Recent confusion having arisen when I made an attempt [comment on Viewing a corpse – Conway Hall May 2008] at humour, based on Windy Miller’s intro/editorial to Kill Your Pet Puppy 4 (released September 1981) I have put in a link to the page in question which starts

Buy, buy the damnation of your soul, here at last is the mechanism to destroy your old, ordered and worn out mind, welcome frenzy and darkness with outstretched hands, become the person your parents warned you against. Do it Now!! (etc.)

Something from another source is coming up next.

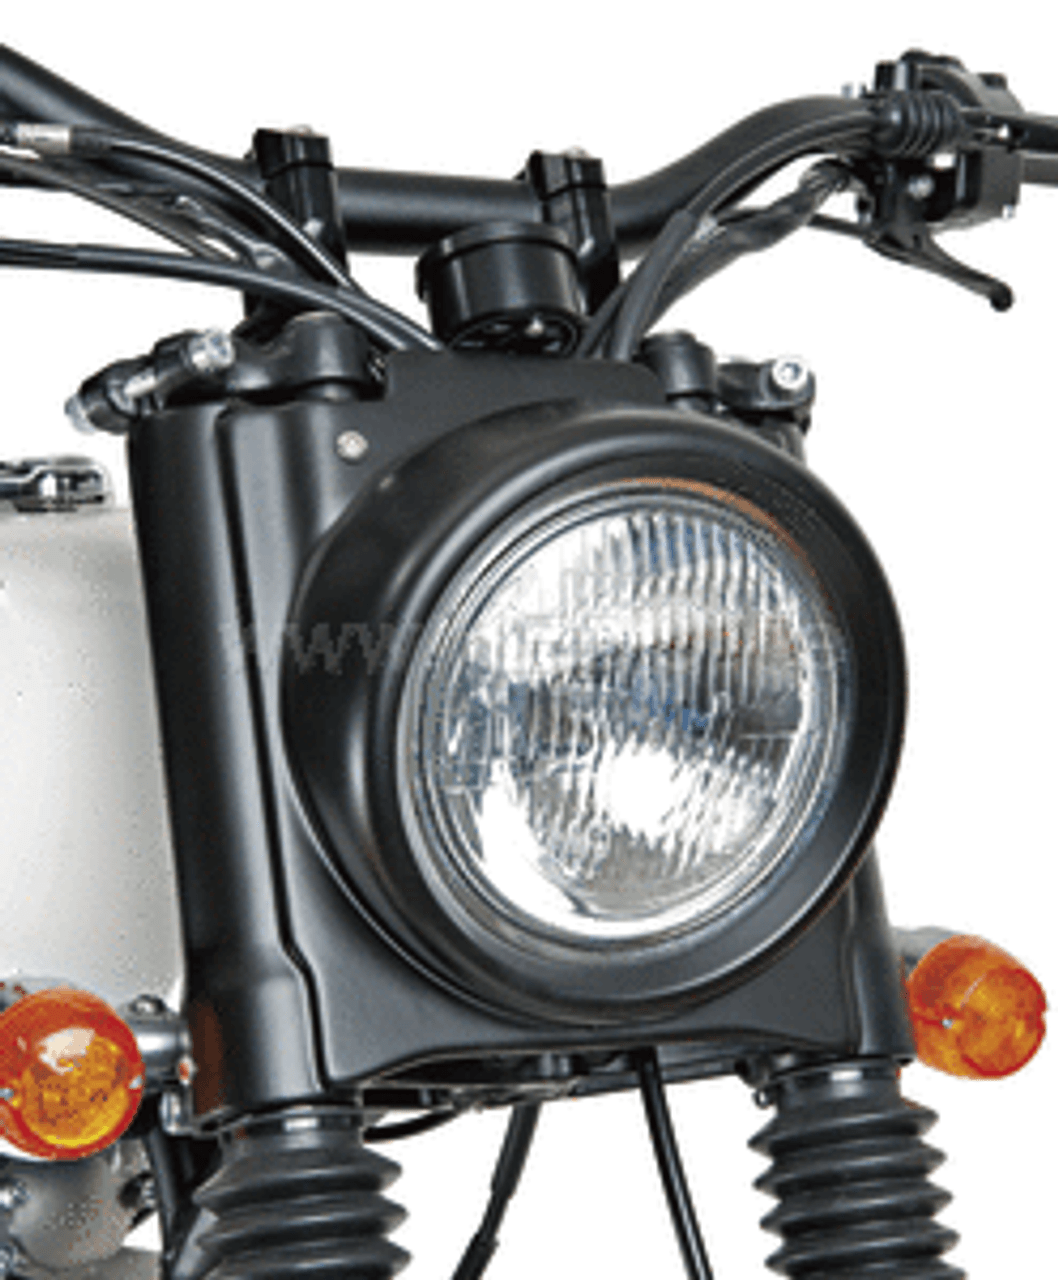 Head Light, Cover GRP JvB-moto SR400 SR500, (unpainted)

YES!! who else endlessly churns out those old and yellowing surrealist manifestos and delivers them to your door like a black rose…

Read whole text here

It was cut-up/ sampled from a 1924 text by French surrealist Louis Aragon:

Buy, buy the damnation of your soul, you will destroy yourself at last, here is the machine for capsizing your mind. I announce to the world this page one headline: a new vice has just been born, one madness more has been given to man: surrealism, son of frenzy and darkness. Step right up, here is where the kingdoms of the instantaneous begin.

“It’s punk Jim, but not as we know it ” as Spock might have said.

For the KYPP collective, 1981 was an important year. We saw Bob Short play a gig in Clissold Park – just before he started Blood and Roses, and after Bob had escaped from Campbell Buildings. We discovered the Parallel Universe – a squatted venue in an abandoned church on Pentonville Road and met Pip and the gay punx of Huntingdon Street – see this page from KYPP 4.

We met The Mob when they played a free gig in an adventure playground on Parliament Hill Fields. See this page
The year ended with the Puppy Collective providing food, stimulating literature and cheap beer at the Sunday afternoon punk gigs at the Wapping Autonomy Centre.

I will write more on this later, but finally here are the front and back covers of KYPP 4. Transcribing the Antz lyrics for the back cover was a labour of love. KYPP 4 also had a feature on The Associates, Charge and a review of Dick Hebdidge’s ‘Subculture: The Meaning of Style’ amongst many other gems.